Montag, 16. Juli 2018

Nett mit Beigeschmack

Ein sonniger Tag, weiße Schleierwolken ziehen feine Bahnen in den blauen Himmel, die Vögel zwitschern, der Wind rauscht leise durch die grünen Blätter. Man muss einfach gute Laune haben an so einem Tag, geht eigentlich nicht anders. Noch dazu habe ich frei und alle Zeit dieser wunderschönen Welt für einen langen Spaziergang durch genau die Wiesen meiner Stadt, die mich immer ein bisschen an mein gelobtes Land Brandenburg erinnern. Schön. Einfach schön.

Ich strebe mit großen und meinen üblich schnellen Schritten auf dem schmalen Weg vorwärts. Die Steine piksen sich durch die dünnen Schuhsohlen. Es macht mir nichts, zu beglückt bin ich von diesem Sonnentag. Vor mir taucht eine Frau mit durch und durch langem Kleid und Kopftuch auf. Sie schiebt einen Kinderwagen. Zwei kleine Jungs stapfen vorne weg, ihrem noch etwa 50 bis 75 Meter entfernten Vater (vermute ich) auf den Fersen. 

Der Mann dreht sich immer wieder nach den Jungs um, dabei erblickt er mich und sagt auf Arabisch etwas zu der Frau. Sie dreht sich um, hebt entschuldigend die Hand und bugsiert den Kinderwagen ins Gras, um mir und meinem Galopp Platz zu machen. Ich winke noch ab und will ihr bedeuten, dass sie das nicht tun muss. Warum auch sollte der mit Kinderwagen ins unwegsame Gras ausweichen? Sie tut es dennoch. Ich verlangsame meinen Schritt, lächle sie an, blicke kurz auf das höchstens drei Monate alte Baby und sage "Danke". Ich hoffe, das Kleine ist nicht wach geworden durch den holprigen Weg ins Gras.

Als ich langsam weitergehe, um mich an den Jungs vorbeizuschlängeln, sagt der Vater auch zu ihnen etwas. Ich verstehe wieder kein Wort. Aber es klingt genau wie bei der Frau irgendwie nach einem Befehl, Platz zu machen. Der etwa Fünfjährige trollt sich gleich, der Kleine von höchstens zweieinhalb Jahren interessiert sich nicht für die Worte.  Er hat wichtigere Dinge zu tun. Dinge, die Kinder seines Alters eben so zu tun haben und als das Wichtigste auf der Welt erachten. Gut so.
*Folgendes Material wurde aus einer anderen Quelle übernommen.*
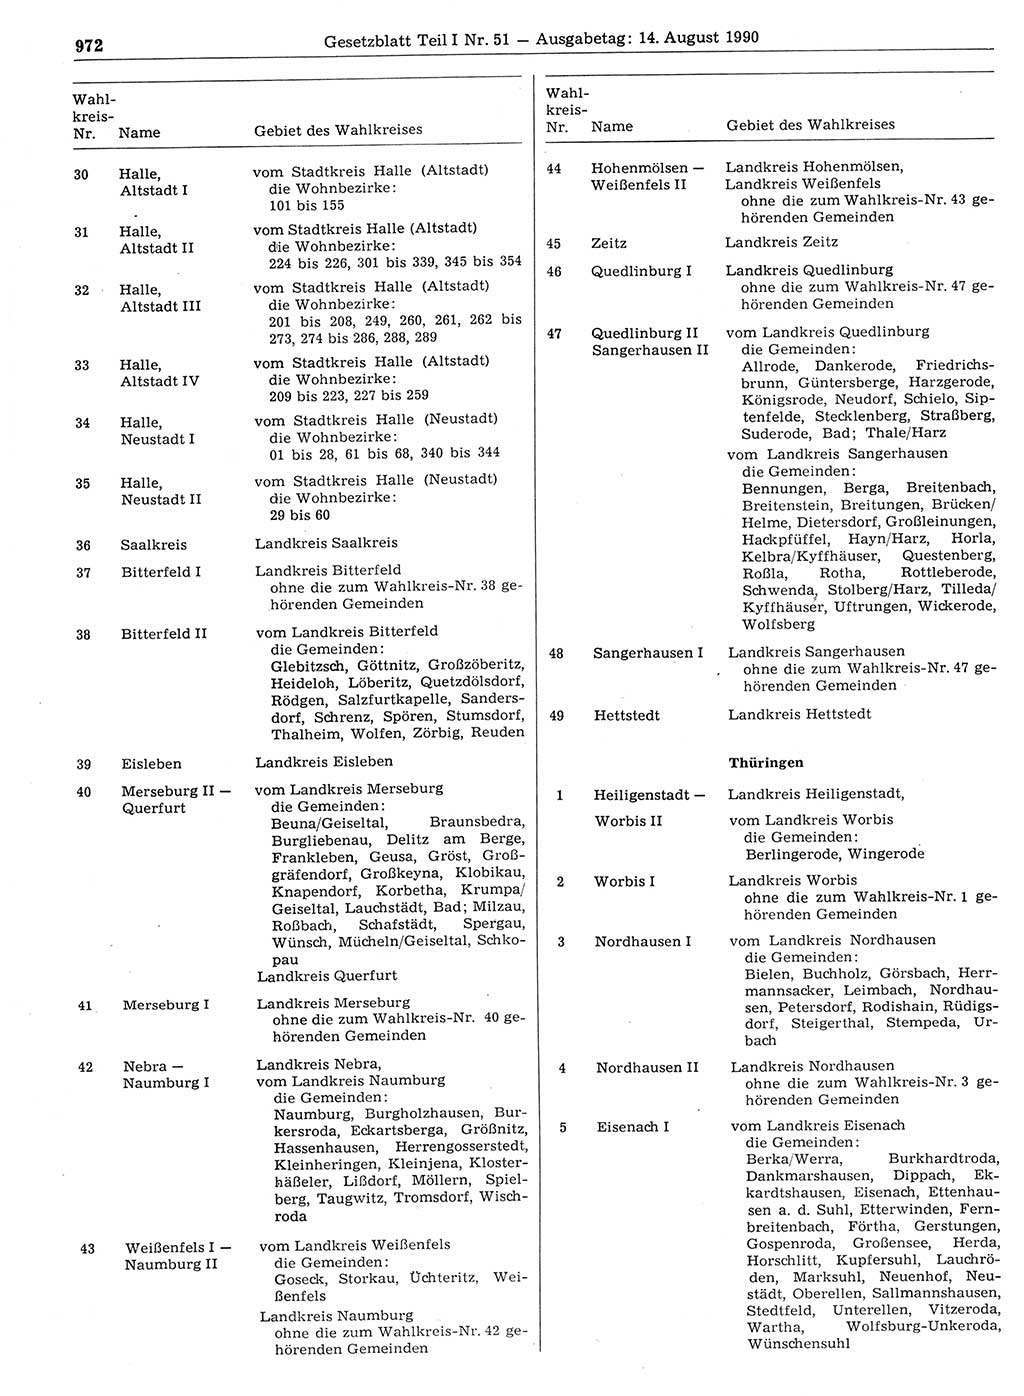 Gesetzblatt (GBl.) der Deutschen Demokratischen Republik (DDR) Teil Ⅰ 1990, Seite 972 (GBl. DDR Ⅰ 1990, S. 972)
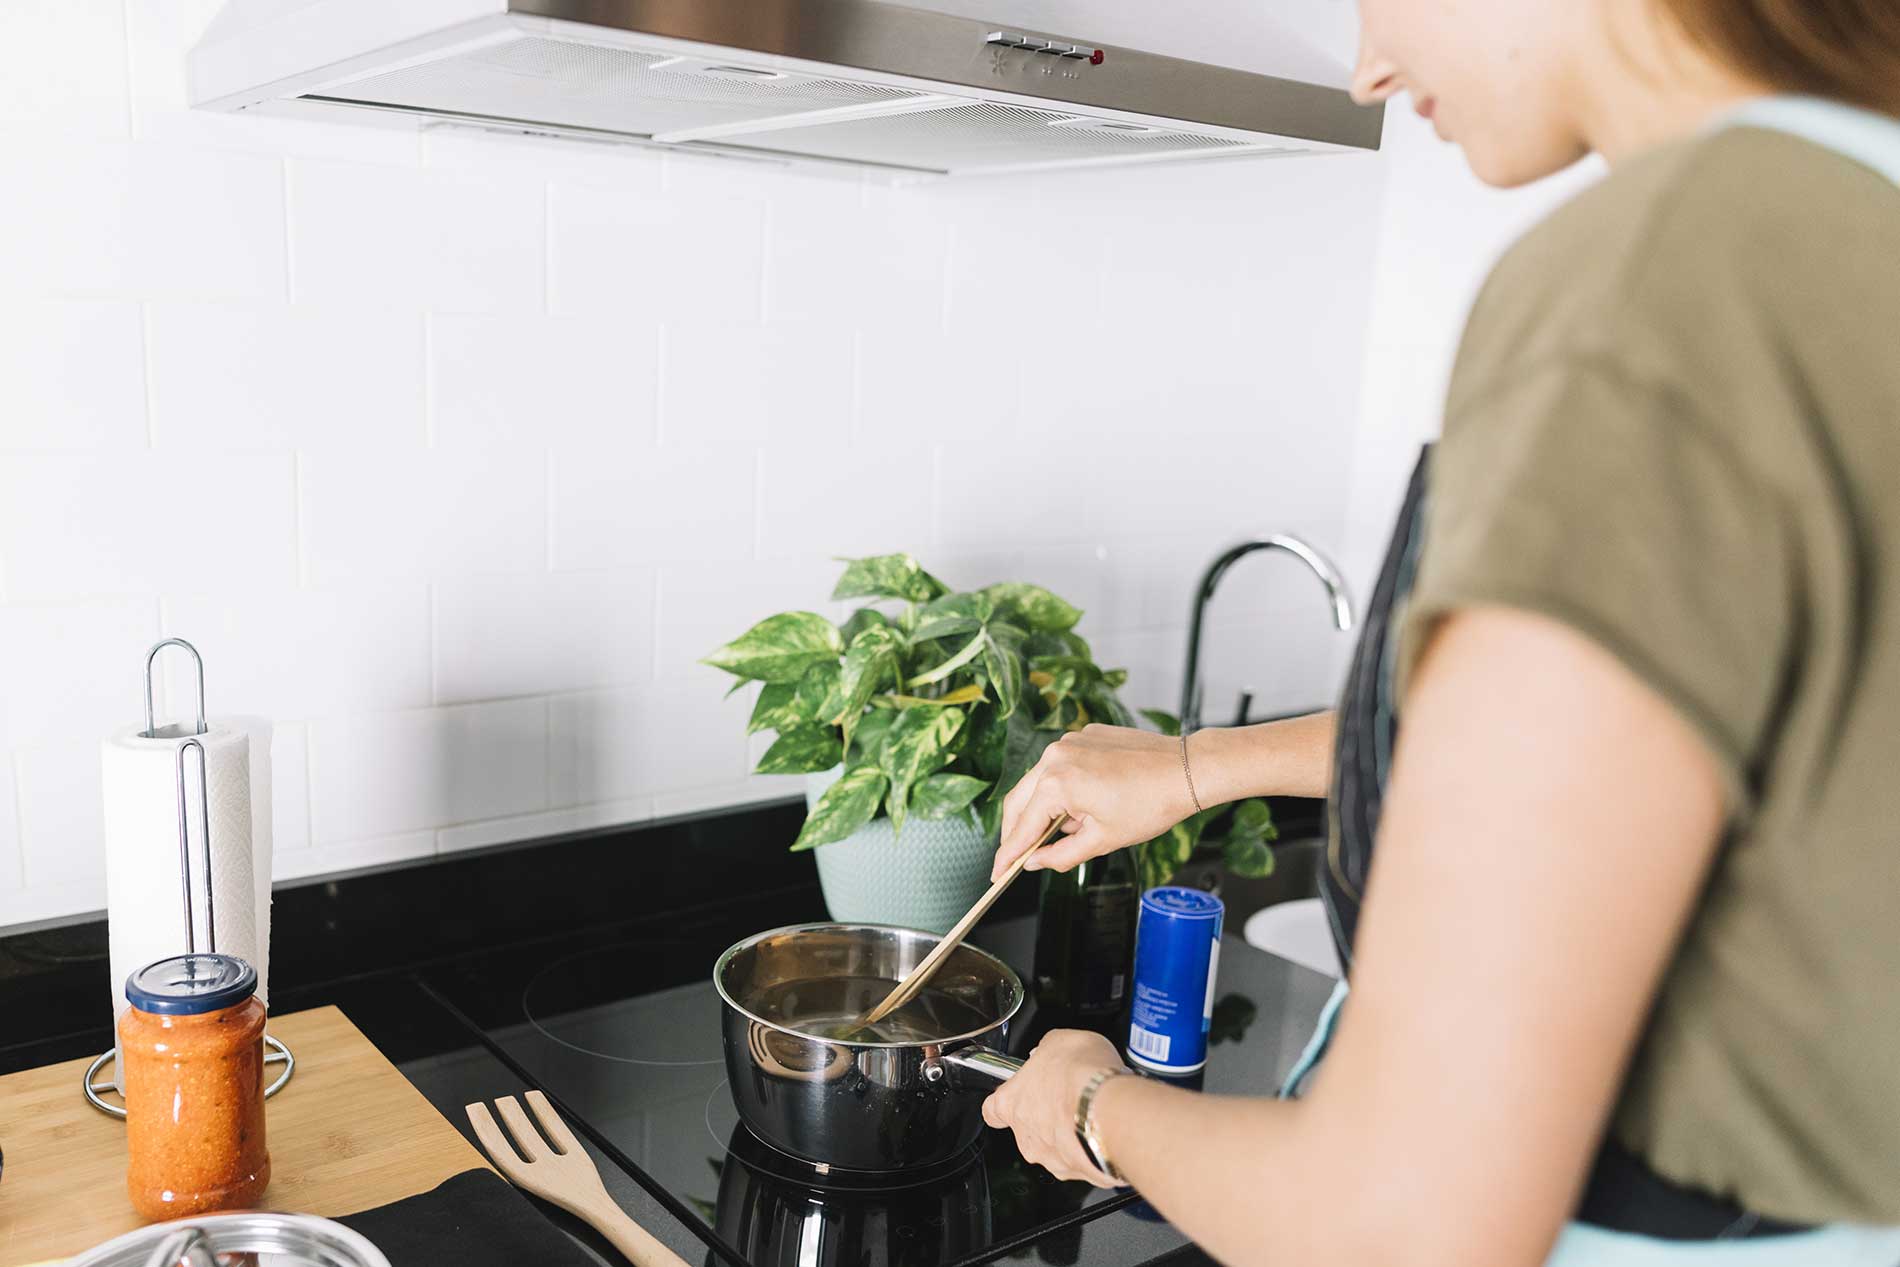 Donna che cucina - Come eliminare gli odori in cucina

Er hat einen Kornapfel in der Hand. Und den zeigt er mir als ich gerade vorbei will. Ich lächle ihn an und frage, was er denn da hat. Er beginnt zu erzählen. Ich verstehe kein Wort von dem Gesagten, weil das bei höchstens Zweieinhalbjährigen immer so ist - egal welche Muttersprache sie haben. Er brabbelt munter drauf los, dass sich die kleine Zunge vor Aufgeregtheit überschlägt und ich verstehe kein Wort. Wie bei jedem Kind dieses Alters tue ich aber schwer begeistert, verständnisvoll und interessiert, obwohl ich kein Wort verstehe. Der höchstens Zweieinhalbjährige stoppt seinen Redefluss. Gut, denke ich, das war dann also alles zum Thema Apfel. Ich winke dem Kleinen und will wieder schneller gehen.

Er aber greift mit seiner kleinen Hand meine und krabbelt seine Fingerchen in meine Handfläche, geht mit mir im Schneckentempo höchstens Zweieinhalbjähriger den Weg weiter. Dabei hält er mir den Apfel hoch und gibt ihn mir in die andere Hand. Wieder erzählt er. Wieder tue ich so als wäre ich voll Verständnis, wiege den Apfel hin und her. Er redet und redet. Er deutet auf den Apfel. Ich beuge mich zu ihm herunter, gebe den Apfel zurück und reiche ihm meine Hand zum Handschlag, sage "Tschüss, kleiner Mann" und winke.

Der Vater ist stehen geblieben, hat alles beobachtet. Auch er reicht mir die Hand, schüttelt sie und sagt in gebrochenem Deutsch: "Vielen Dank, das war sehr nett von Ihnen, so freundlich ist hier sonst kaum jemand zu uns, ich wünsche Ihnen alles Gute!"